On Fri, Nov 18, 2011 at 3:41 PM, Ben Hartshorne bhartshorne@wikimedia.orgwrote:
Answering a few questions in one place.
On Fri, Nov 18, 2011 at 10:29 AM, Brion Vibber brion@wikimedia.org wrote:
Hmm... what I'd expect is that if one ES save target database is in read-only, the system should cycle through to the next available one that is working -- the save should then succeed transparently.
Do we not have that sort of write failover logic, or are *all* ES
clusters
getting locked somehow?
The last step of the maintenance was to switch the master for article writes from ms3 to es3. In order to make sure no data is lost during the transition, I marked the master read-only for the duration of the switch. Given that there is only one ES target database to which writes are sent (currently es3), there is nowhere to which to failover. (All slaves run read-only all the time.)
*nod* logical enough.

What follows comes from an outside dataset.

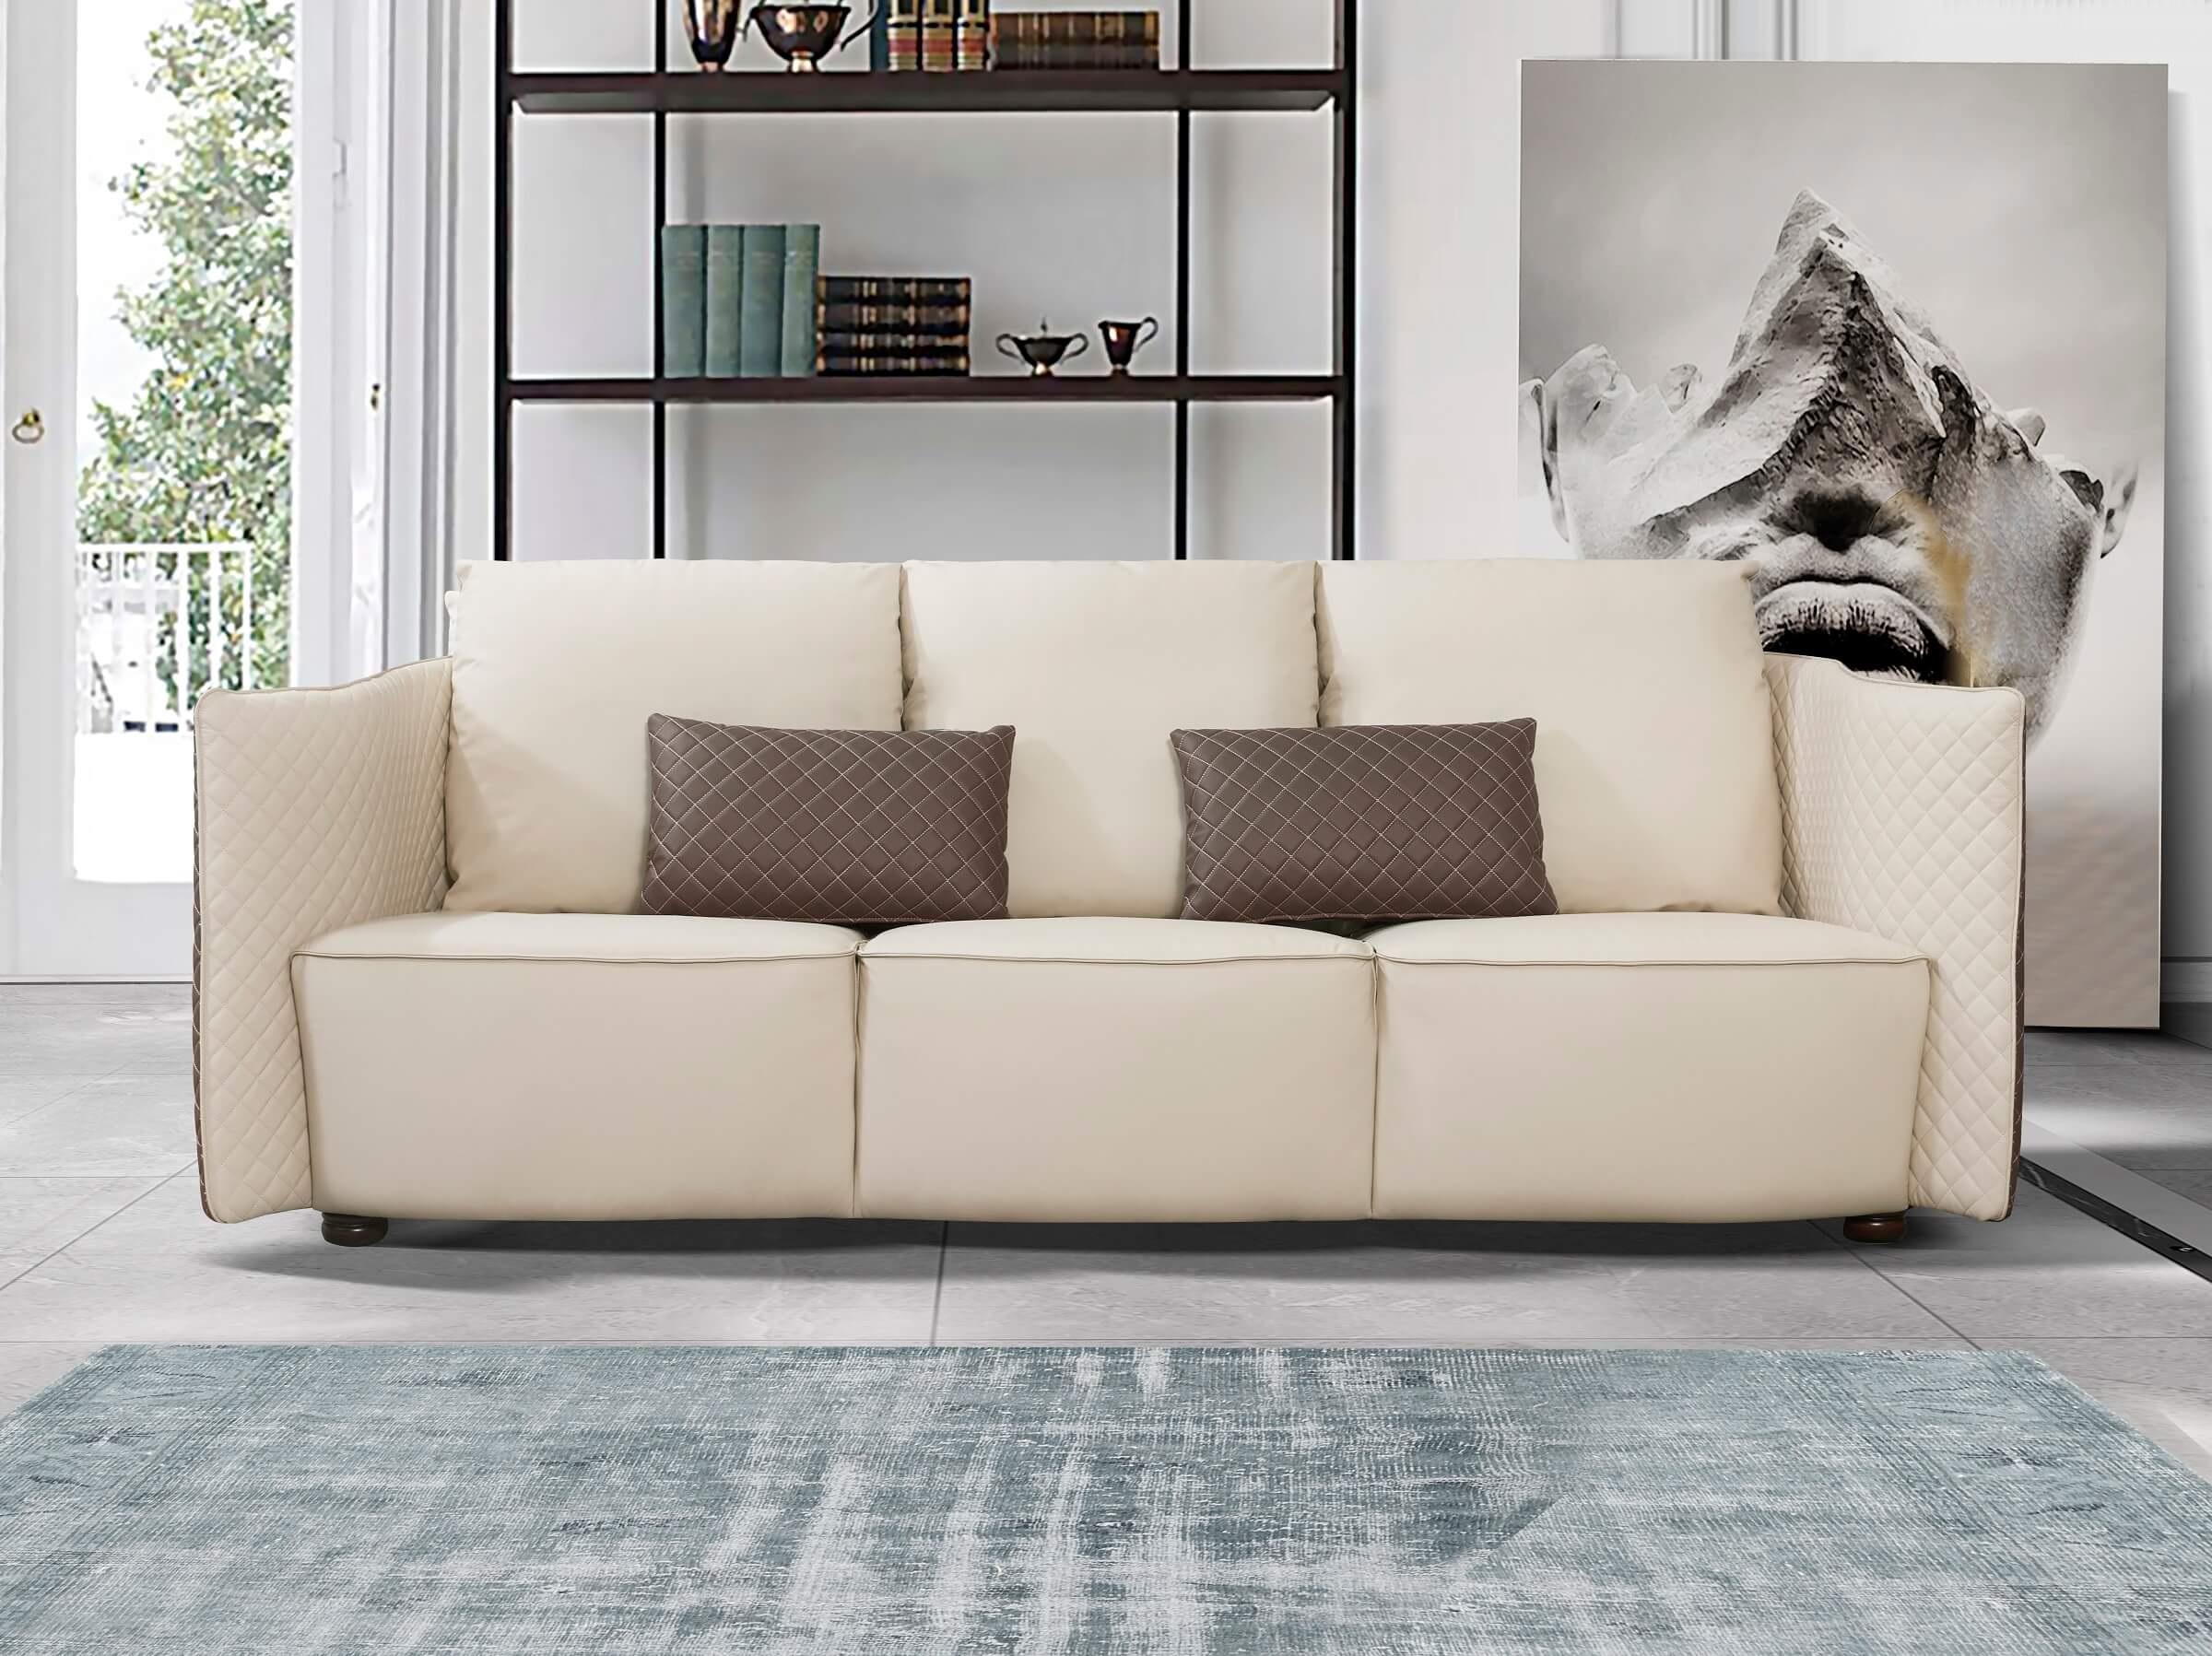 Contemporary, Modern Sofa MAKASSAR EF-52550-S in Light Grey, Taupe Italian Leather

For the future I'd recommend planning a temporary 'holding zone' cluster that would be used only during the changeover -- it would remain read-write while the main ones are being copied.

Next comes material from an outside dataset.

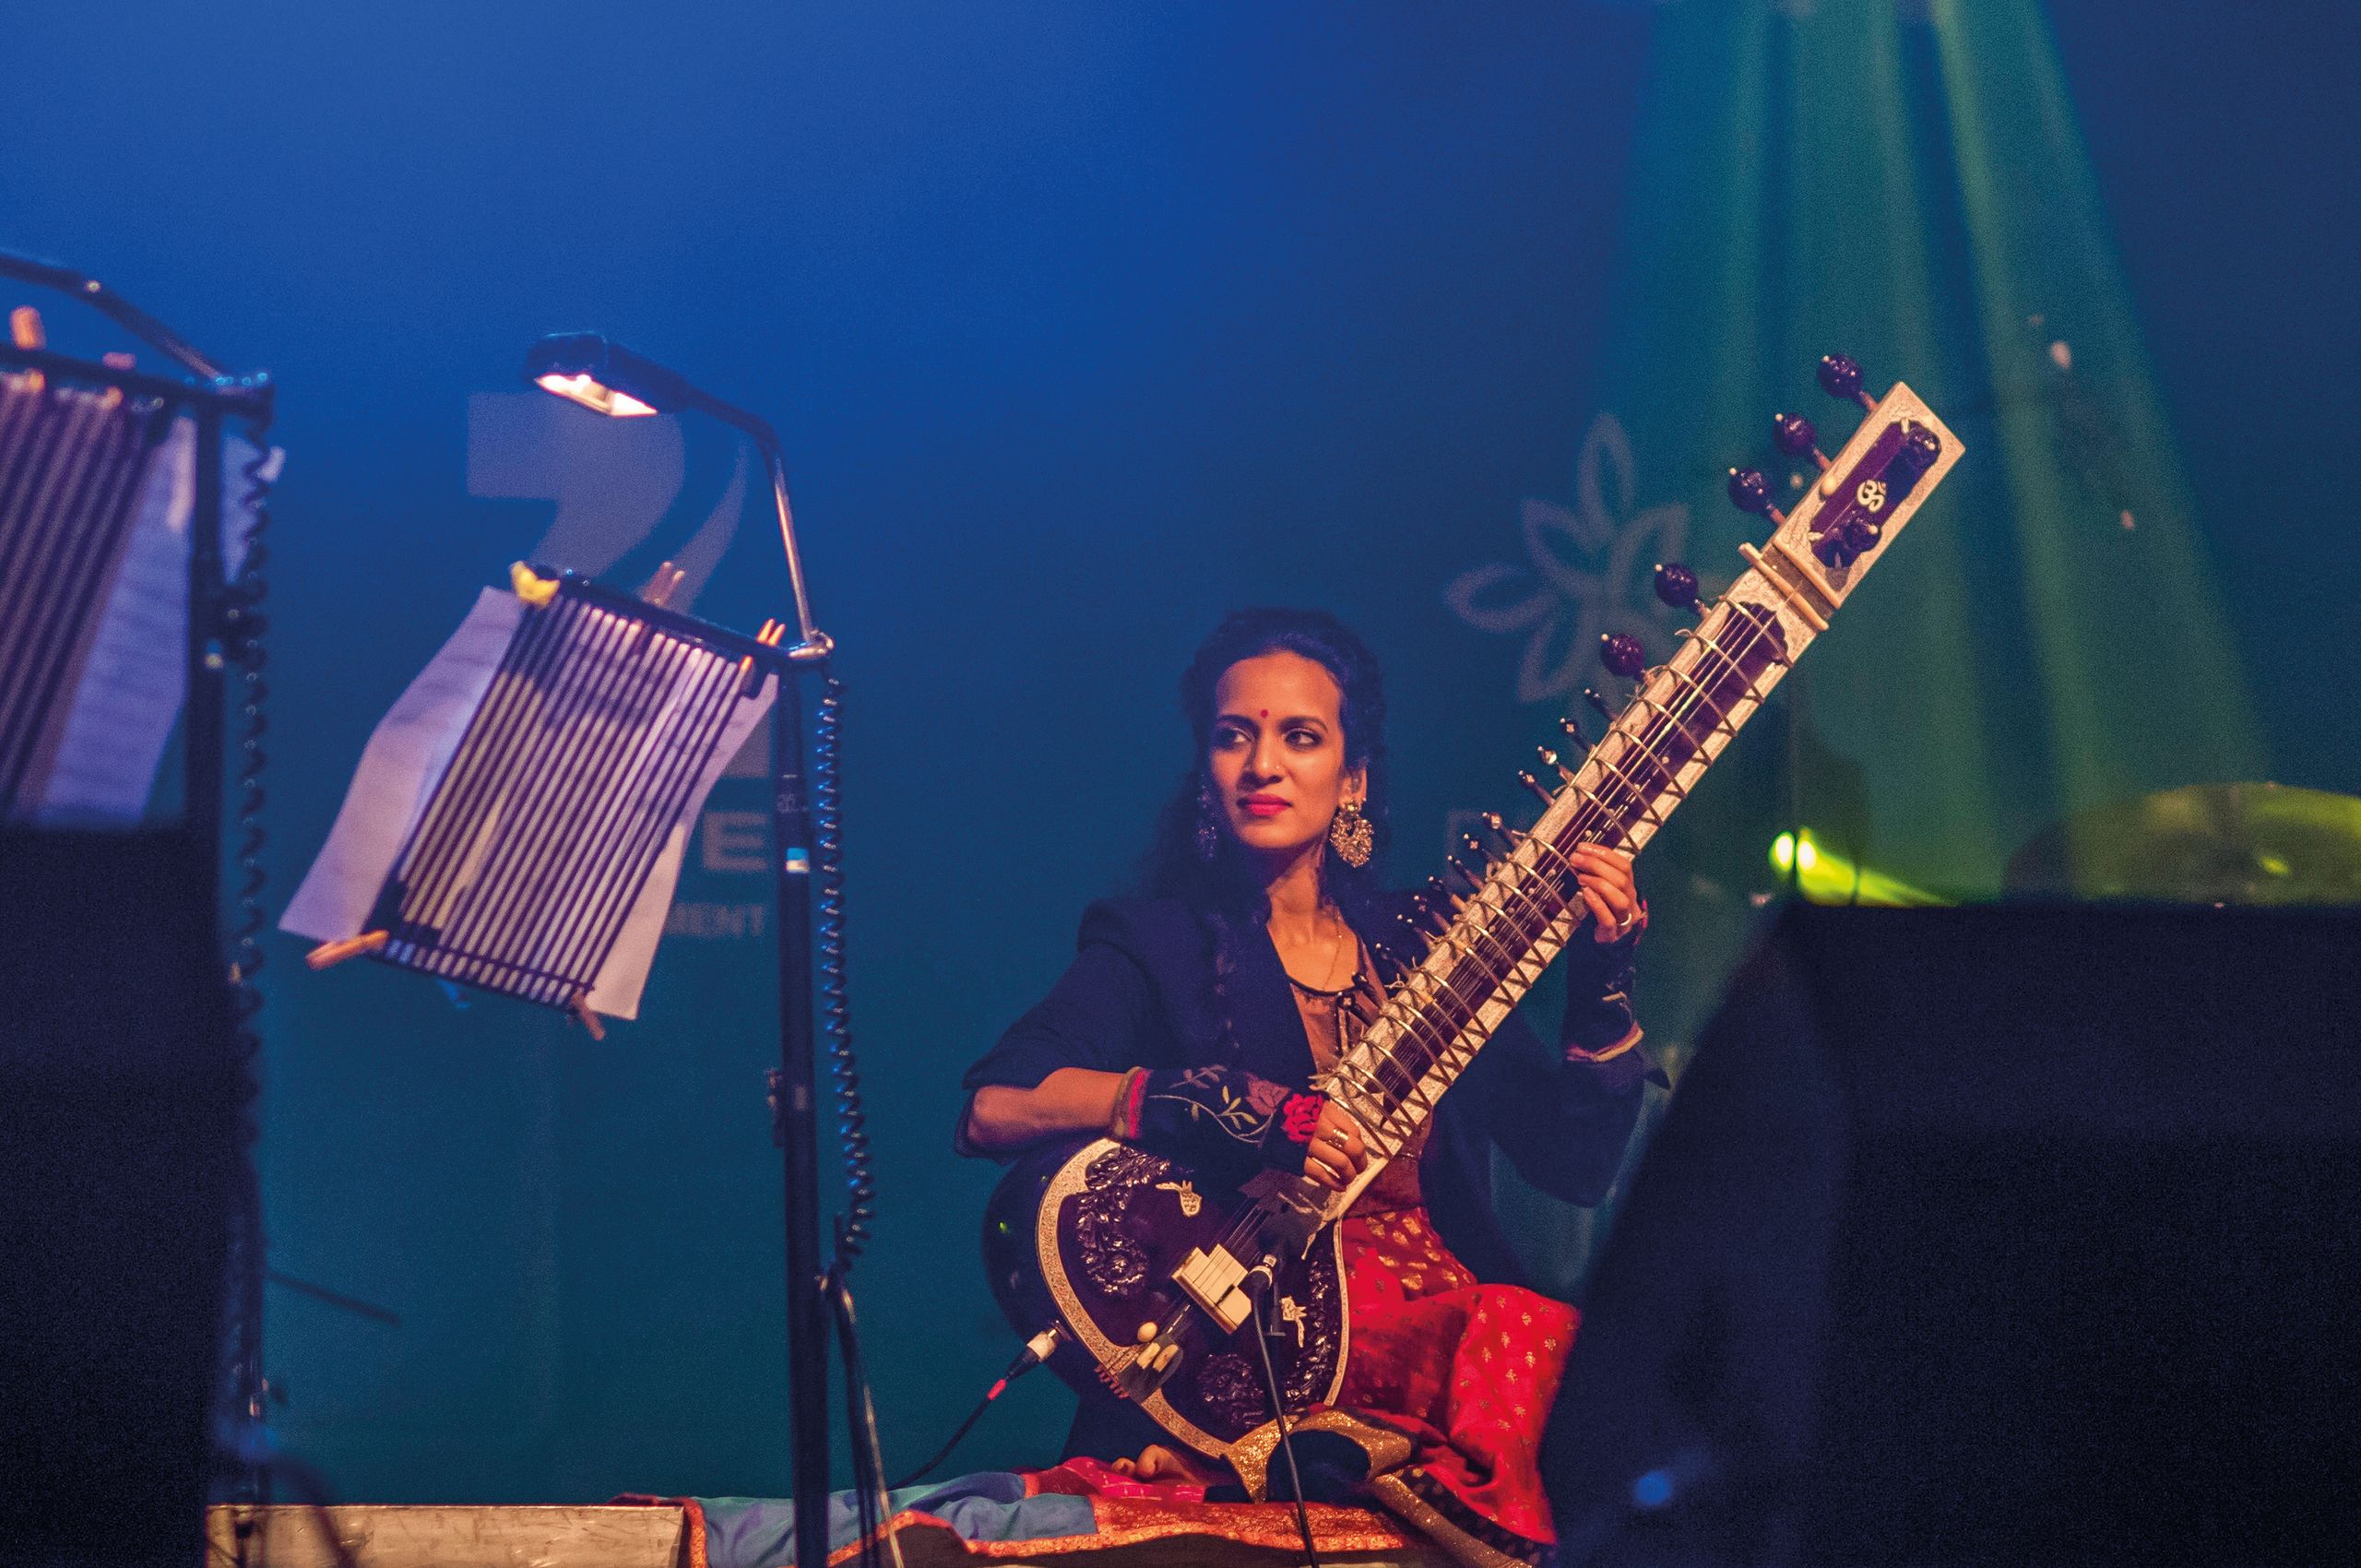 Anoushka Shankar on sitar

Then after switching writes to the new targets, the holding zone can go read-only while it gets copied over to the new target, which should go relatively fast.
This would be just another part of the ES system rather than a separate cache, so should remain reasonably robust: if something goes awry with the main copy to the new clusters, you can safely stop: the holding zone will just sits with the old servers and can just keep running like the other ES clusters, unlike some sort of cache which might lose data.
-- brion